On Tue, Nov 08, 2016 at 01:20:39PM +0100, Peter Zijlstra wrote:

SNIP

> Now, I would much rather solve this by changing the constraint like the
> below, that yields:
>
> 0x01 - 0001
> 0x03 - 0011
>
> 0x0c - 1100
>
> Which is two distinct groups, only one of which has overlap.
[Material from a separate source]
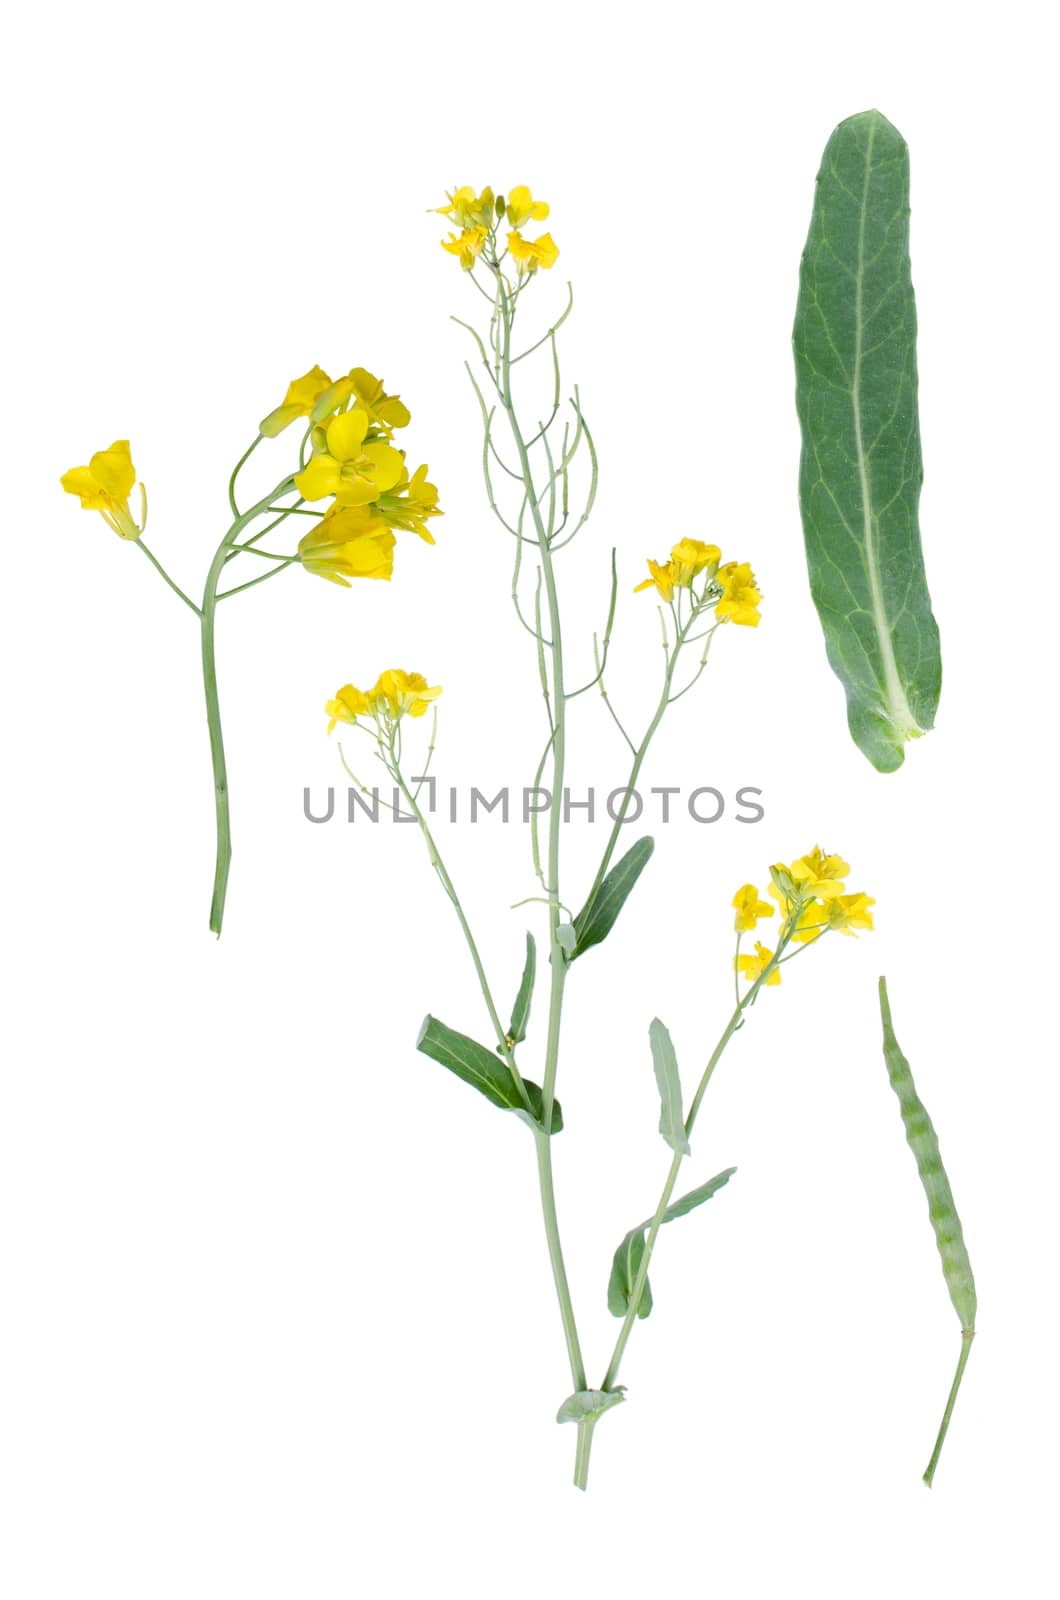 Hare's ear mustard isolated on white background with three details beside.

And the one
> with overlap only has 2 overlapping masks, giving a max reties of 1.

works for me..

thanks,
jirka

>
>
> diff --git a/arch/x86/events/intel/uncore_snbep.c b/arch/x86/events/intel/uncore_snbep.c
> index 272427700d48..71bc348736bd 100644
> --- a/arch/x86/events/intel/uncore_snbep.c
> +++ b/arch/x86/events/intel/uncore_snbep.c
> @@ -669,7 +669,7 @@ static struct event_constraint snbep_uncore_cbox_constraints[] = {
> UNCORE_EVENT_CONSTRAINT(0x1c, 0xc),
> UNCORE_EVENT_CONSTRAINT(0x1d, 0xc),
> UNCORE_EVENT_CONSTRAINT(0x1e, 0xc),
> - EVENT_CONSTRAINT_OVERLAP(0x1f, 0xe, 0xff),
> + UNCORE_EVENT_CONSTRAINT(0x1f, 0xc); /* should be 0x0e but that gives scheduling pain */
> UNCORE_EVENT_CONSTRAINT(0x21, 0x3),
> UNCORE_EVENT_CONSTRAINT(0x23, 0x3),
> UNCORE_EVENT_CONSTRAINT(0x31, 0x3),

2016-11-08 15:09:53

by Andi Kleen

[permalink] [raw]

Subject: Re: [PATCH] perf/x86: Fix overlap counter scheduling bug

Adding Kan who actually maintains the uncore drivers these days.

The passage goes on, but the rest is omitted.